Most discussions of telephone rate of return regulation center upon the regulatory effects of the Federal Communication Commission. Little attention is given to the regulatory activities of the state utility commissions. Even when attention is directed toward state commissions, little of it is directed toward the decision-makers (the commissioners) of these agencies. Little explanation is given as to why a 2.49 percent rate of return is approved in one case and a 6.75 percent rate of return in another.

Two main theories of regulatory behavior have been offered in the past. The public interest theory offers the hypothesis that regulators are able to discern the public interest and attempt to pursue courses of action that are in the public interest. The theory does not show how the regulators are able to discriminate between the true public interest position and the aberrations sponsored by special interest groups. The "capture" theory hypothesizes that the regulating commission and its commissioners come under the influences of special interest groups. Rather than being concerned with the public interest, the regulators are concerned with distributing the gains from regulation among the special interest groups, including themselves.

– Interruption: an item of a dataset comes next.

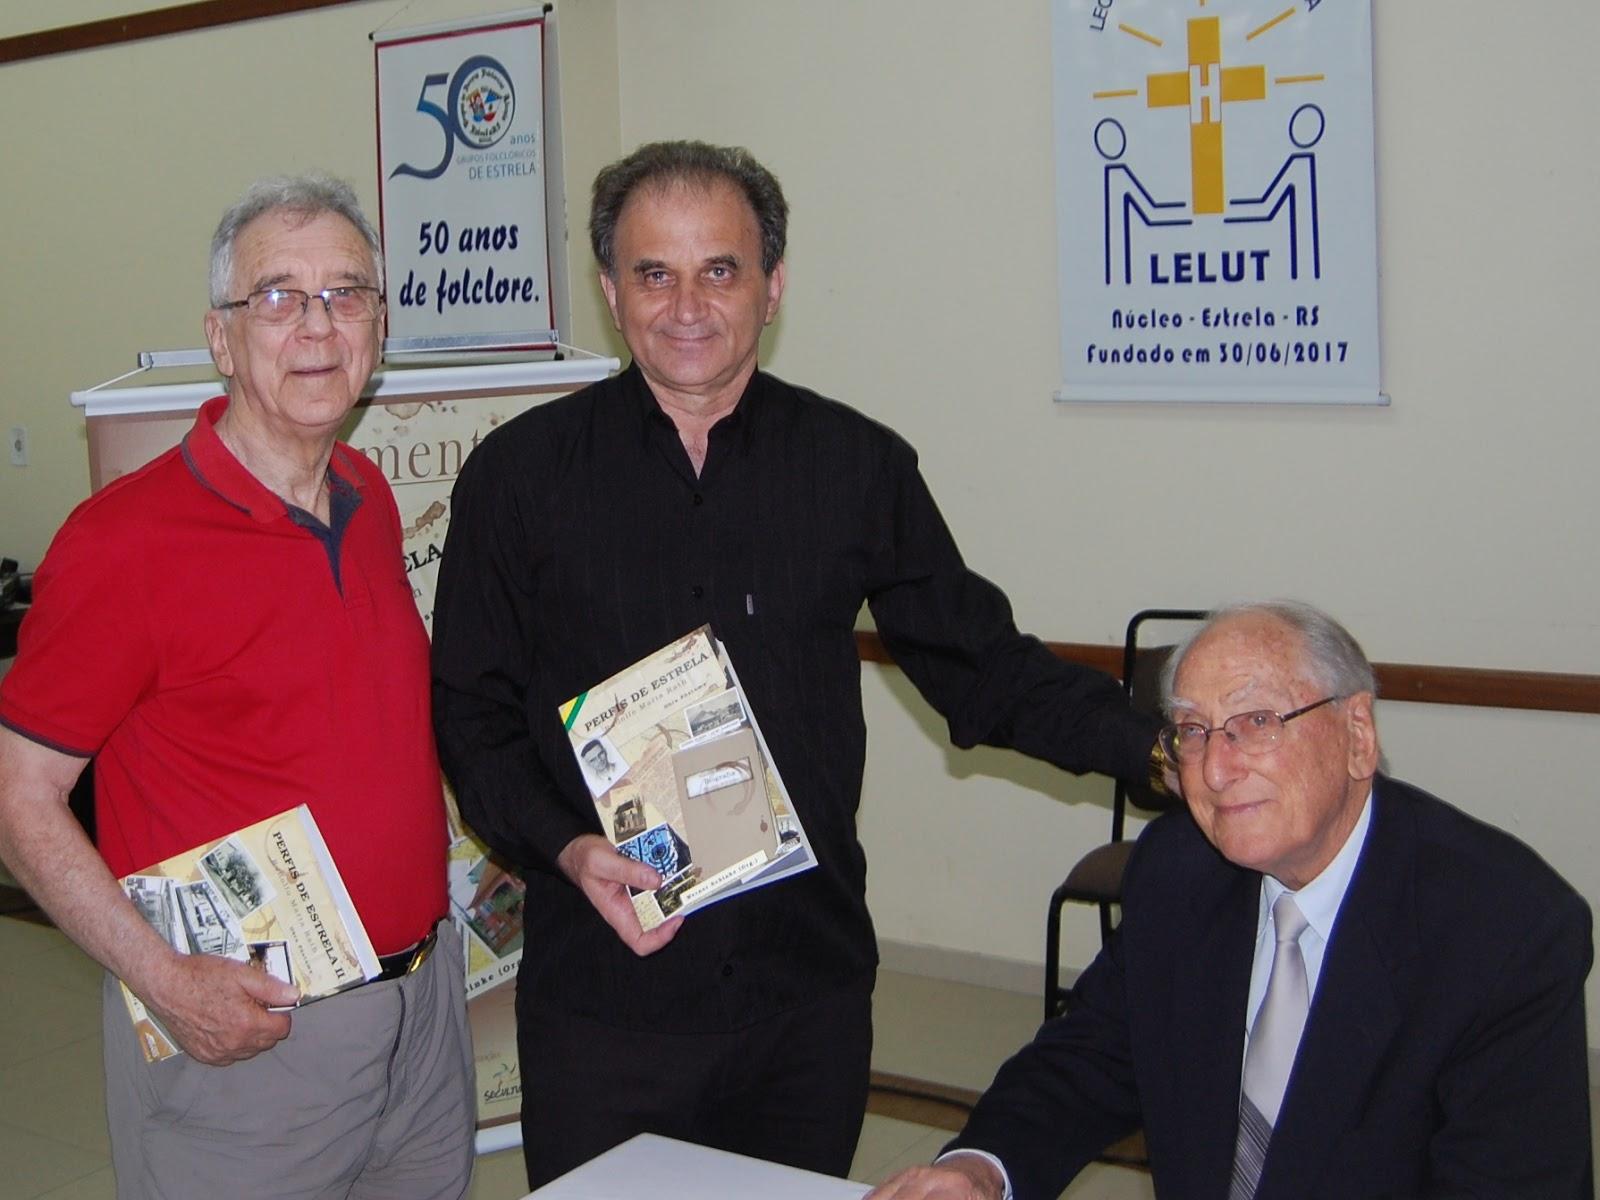 Airton Engster dos Santos, Adonis Fauth e Werner Schinke

The model developed within this study flows out of the "capture" theory. It is hypothesized that regulators award rates of return in intrastate telephone cases based upon the appeal probabilities of the relevant parties, the company and the intervenor. The concern for the appeal probabilities arises from the likelihood that an appeal will direct legislative and voter attention to the activities of the commission. Such attention is likely to trigger legislative review with the possible loss of commission prestige, power, budget, etc., or legislative change in the commission structure or scope of responsibility. It is assumed that any adverse effects of legislative action will flow through and have similar effects upon the commissioners.

Based upon the theoretical model, empirical models are structured to identify the important public choice variables influencing decisions of the commissions and commissioners, to test for differences between the rates of return awarded in formal vis-a-vis informal cases, and to test the implied allocation under the adversary process. To test these hypotheses, ordinary least-squares regressions were run, using case data from 1965-1969 and commission data from 1967.

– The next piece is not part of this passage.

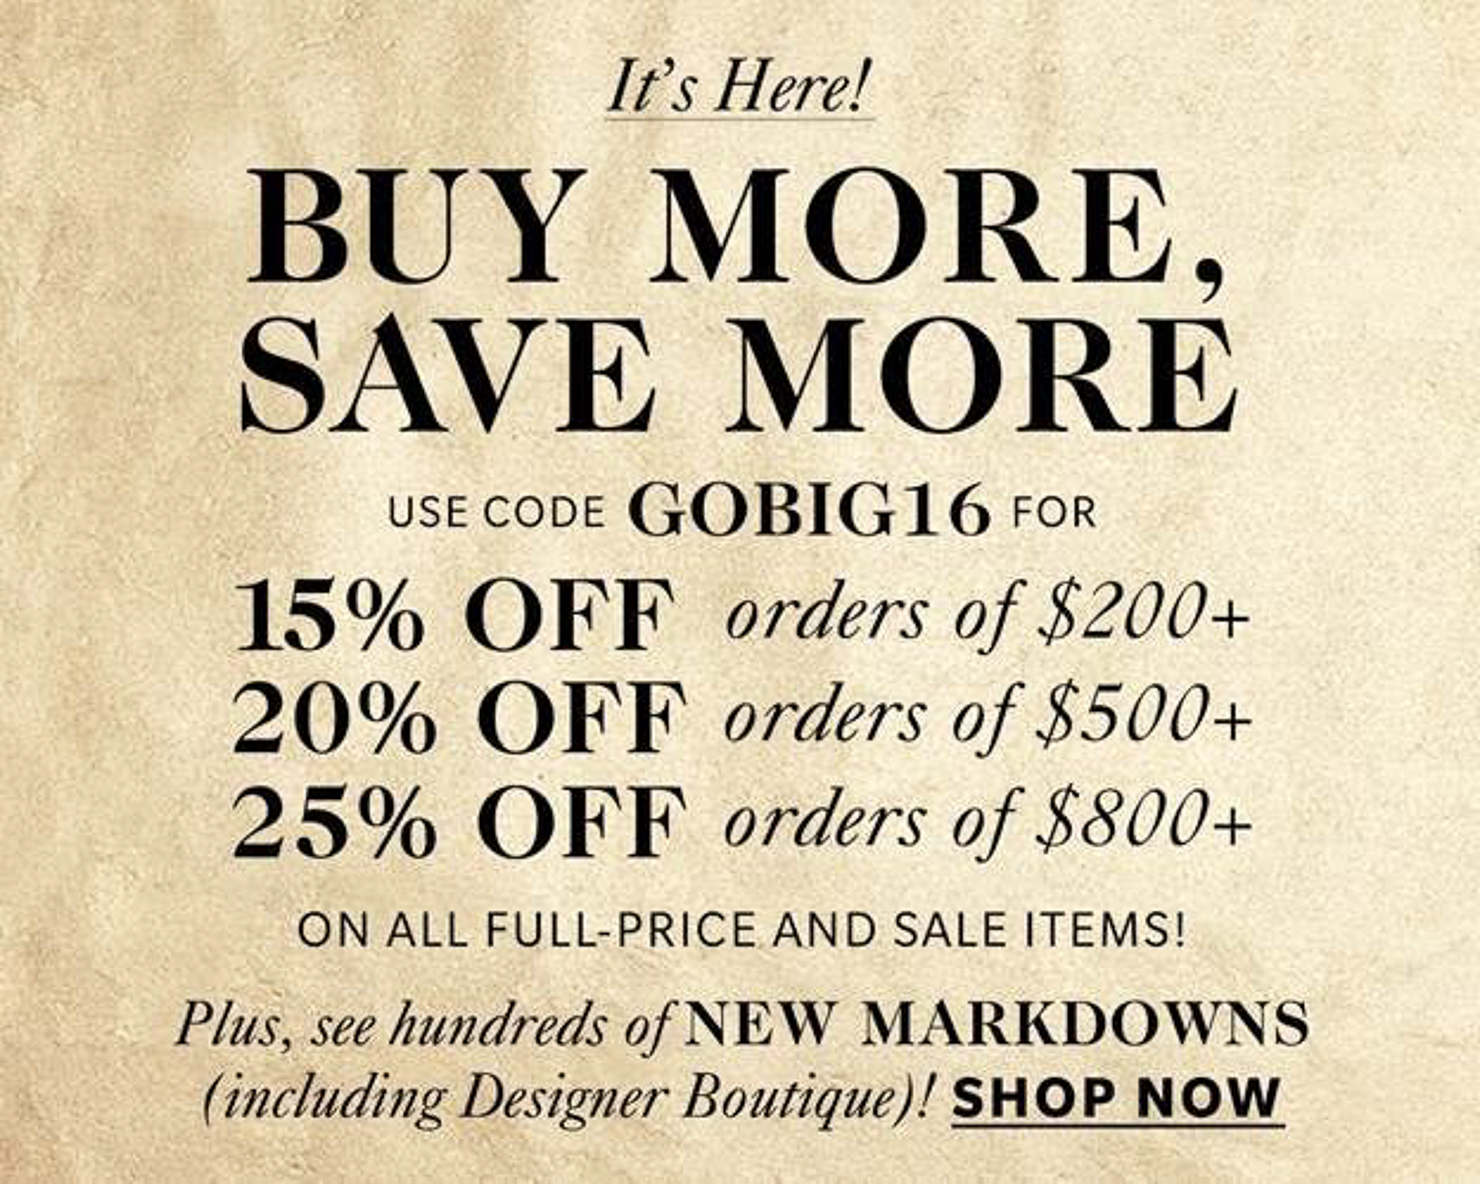 shopbop-black-friday-sale

The regression results raise some interesting questions concerning intrastate telephone regulation. Neither intervenors nor the commission staff appear to have a significant effect upon the awarded rate of return, thus raising serious questions about the adversary proceedings concept. The lower rates of return awarded Bell Telephone Companies raises concern about the alleged benefits from pursuing the Department of Justice plan to disintegrate the Bell Telephone System. It appears that the major limiting force mitigating the power of the firm is the choice of the regulatory procedure used. Finally, jurisdictions using the fair value evaluation method appear more generous in awarding rates of return than those using the original cost method.